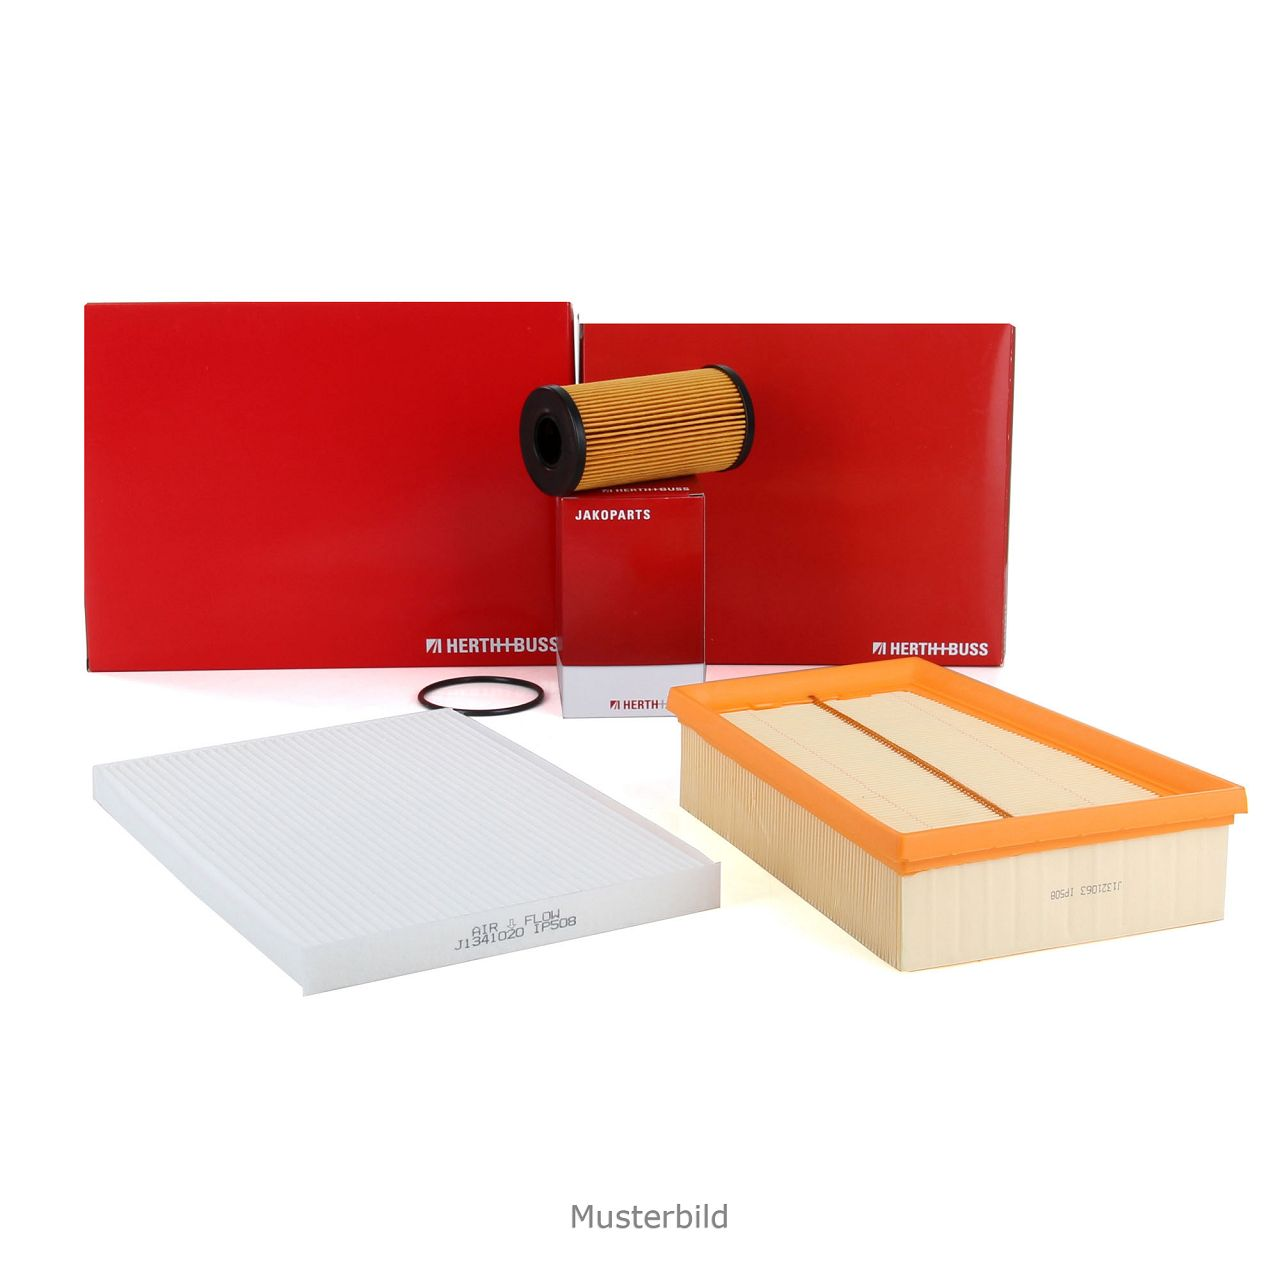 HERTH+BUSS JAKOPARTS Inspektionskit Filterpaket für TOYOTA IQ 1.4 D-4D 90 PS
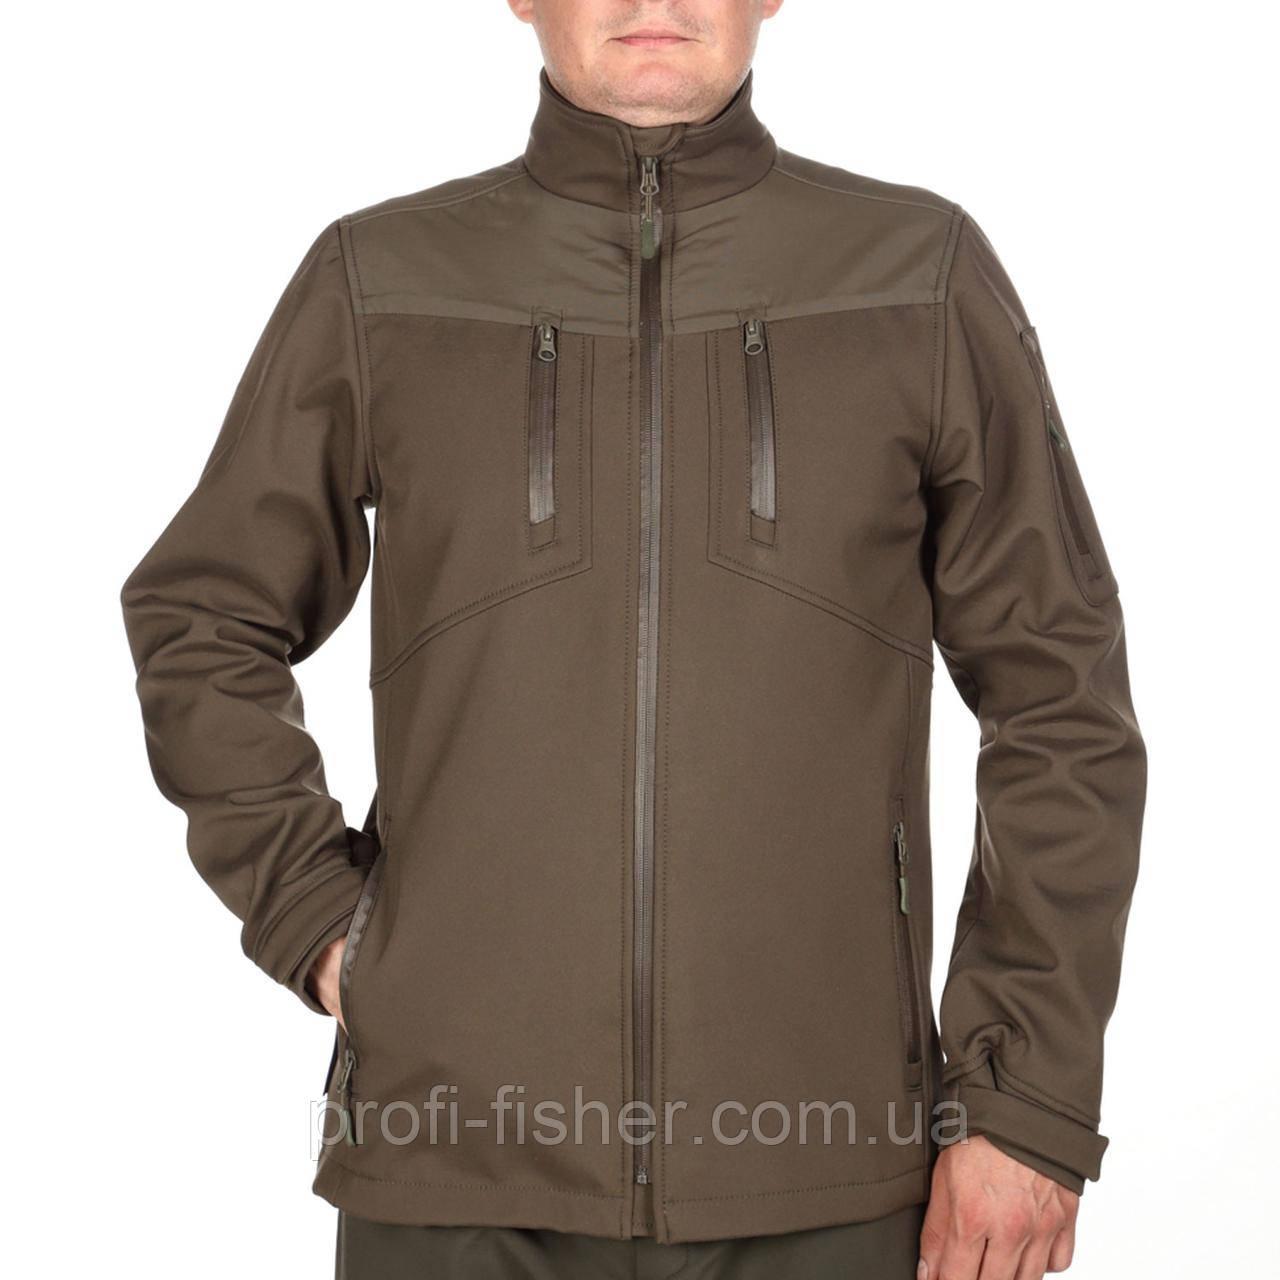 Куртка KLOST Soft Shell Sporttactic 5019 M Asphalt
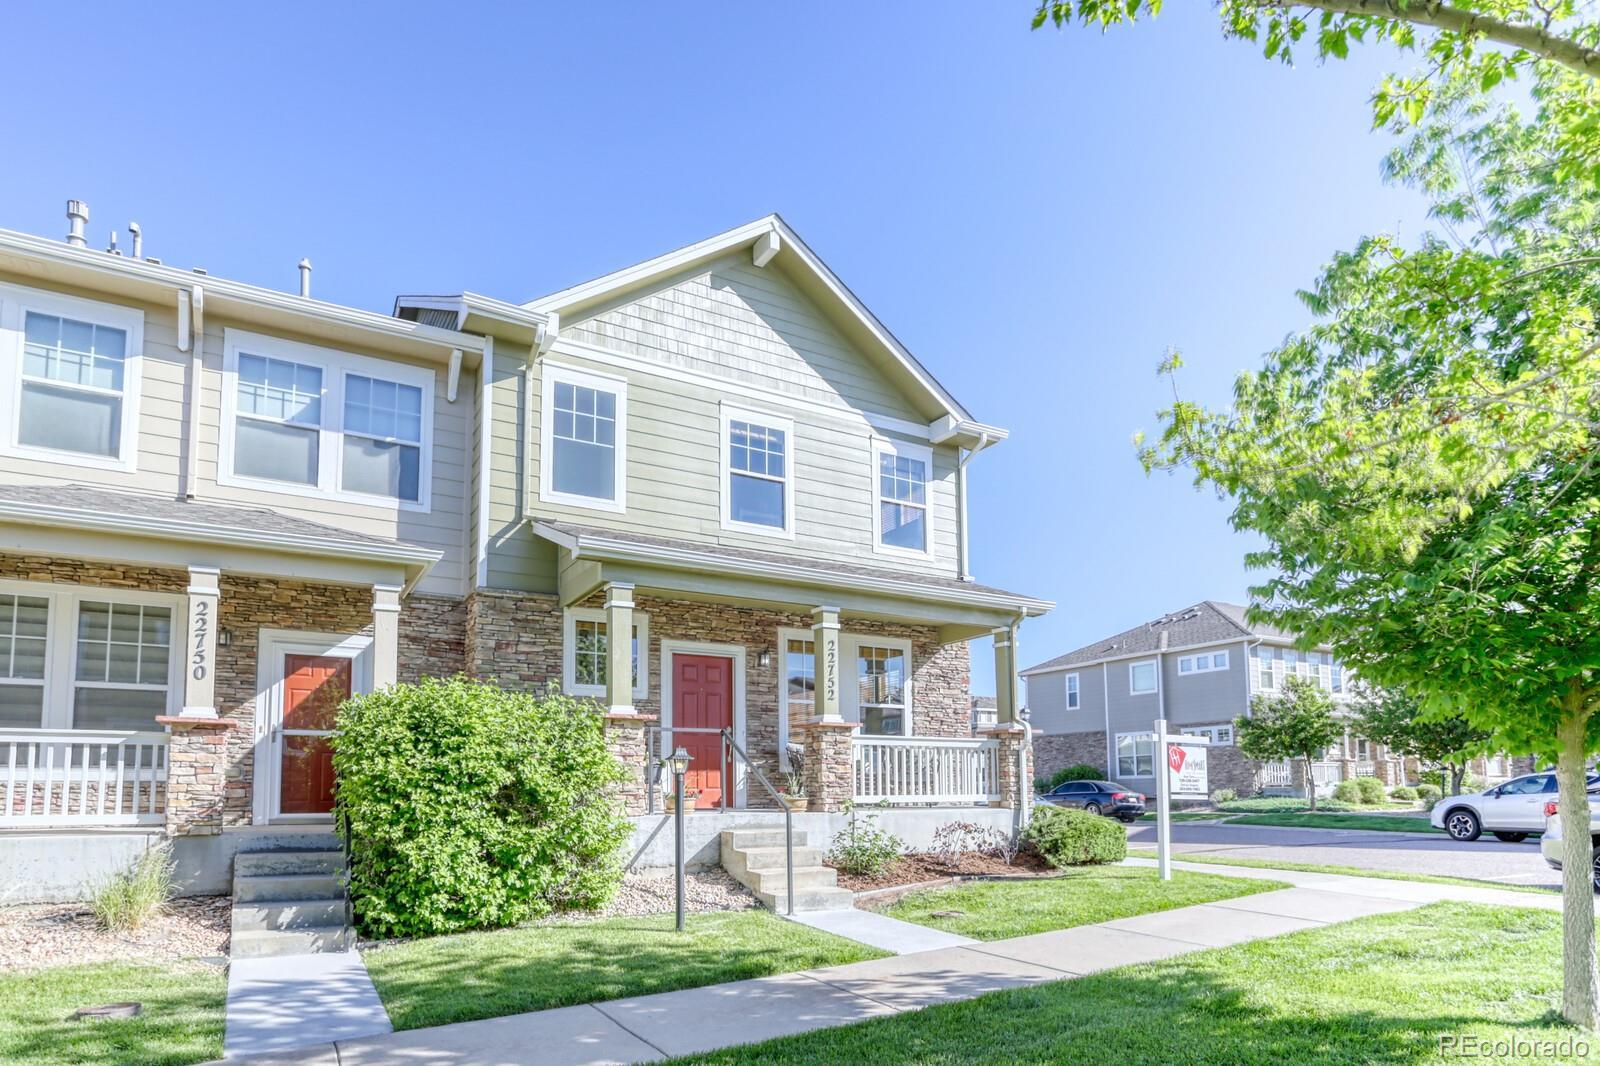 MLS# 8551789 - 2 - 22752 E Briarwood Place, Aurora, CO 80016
★ ★ ★ ★ ★ ★ ★
> Exercise requirements:
Only the lines from the one containing "Куртка KLOST Soft" through the end of the listing should be output, word for word and inclusive; keep pictures out.

> Exercise response:
 Куртка KLOST Soft Shell Sporttactic 5019 M Asphalt
 MLS# 8551789 - 2 - 22752 E Briarwood Place, Aurora, CO 80016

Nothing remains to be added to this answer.